Personal Information
cupp.py (Common User Passwords Profiler) is a Python script which automates word list generation when provided with specific information about an individual. When provided with information such as first name, surname, date of birth, nick name, partners name, pet names, and keywords, it will generate multiple combinations of these with random numbers and “leet speak”. It also has many language specific word lists including an 115,600 word Japanese list, which was imported for recombination.
python cupp.py -i
crunch
crunch can create a word list based on criteria you specify. The output from crunch can be sent to the screen, file, or to another program. The usefulness of crunch in this case will be limited as information analysed so far seems to indicate long and complex passwords. crunch will still be used however to generate a word list for smaller words, should some of the many zip files be using one. The cost in doing so in time and computer resources is low as long as the number of possible combinations is low. An example of the word list sizes when completed is listed below.

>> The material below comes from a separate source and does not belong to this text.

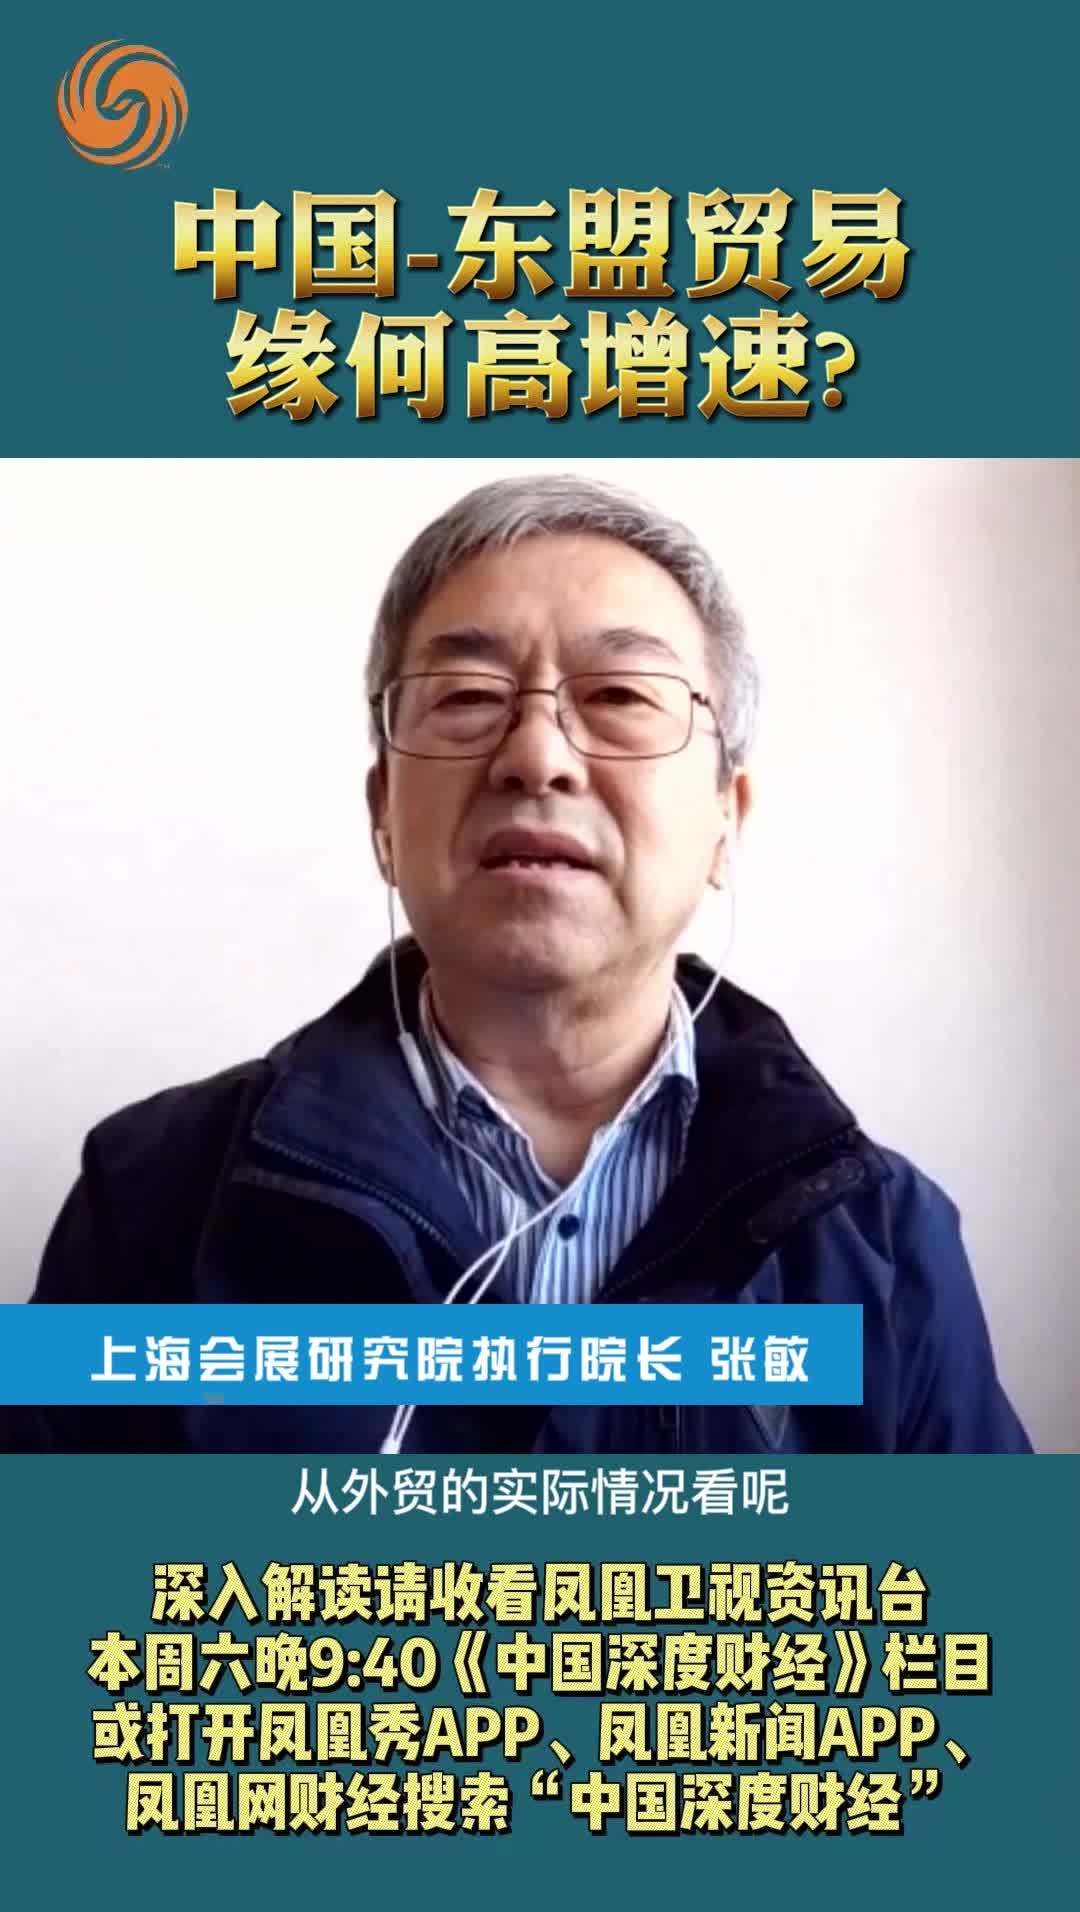 上海会展研究院执行院长张敏：中国-东盟贸易 缘何高增速？

The size of the word list in bytes created by crunch is approximately (x ^ y) * (y + 1) where x is the number of characters and y is the length of the password. For example, all combinations of 6 characters alphanumeric lower and upper case the file with the following size is created;
(26 + 26 + 10 ^ 6) x (6 + 1)
56,800,235,584 x 7 = 397,601,649,088 bytes
In reality however, crunch creates slightly larger files. With the following file size estimates it can be seen that large word lists generated within crunch become infeasible due to storage limitations;
1 to 4 characters 71 MB,
1 to 5 characters 5 GB,
1 to 6 characters 375 GB,
1 to 7 characters 25 TB.
Whilst these generated word lists can be piped directly to other commands, meaning storage is not an issue, the sheer number of possibilities mean that processing will take a long time and without (and even with) specialist optimised hardware, guessing the correct result is unlikely. As such, the crunch word list was only included to cover passwords from 1 to 6 characters in length of all alphanumeric upper and lower case permutations as below.
crunch 1 6
abcdefghijklmnopqrstuvwxyzABCDEFGHIJKLMNOPQRSTUVWXYZ0123456789
-o crunch.txt
Other Sources
The suspect provided a list of 12 possible passwords to assist. Although none of these worked on the zip files, it was possible that they were similar to the passwords for the zip files, so they were included in a text file.

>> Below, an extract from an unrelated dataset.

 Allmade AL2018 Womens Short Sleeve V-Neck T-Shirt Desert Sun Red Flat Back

A small book was recovered from the suspects home address that listed various account details and passwords. Although none of these allowed access to the zip files, it was possible that they were similar to the passwords for the zip files and as such they were also included in a text file for later recombination if required.
Combining All Word Lists
All the word list text files were merged into one dictionary for use with fcrackzip. This made the process simpler and also removed duplicate entries such as those in both crunch.txt (all 1 to 6 character alphanumeric) and from CeWL (which was set to words of 4 or greater in length). By removing duplicates, the length of time it would take to process the zip files would decrease.
sort ./* | uniq > dictionary.txt
Method: Building the Wrapper
As previously described, fcrackzip can only process multiple zip files if they all have the same password. As they do not in this case, a bash script was created to automate this process. There were many ways to solve this problem, but this one was mine.
The core of the script would be simple and efficient, invoking fcrackzip to do the extractions of the zip files. Robust error checking and counters would also be implemented for a summary at the conclusion of processing.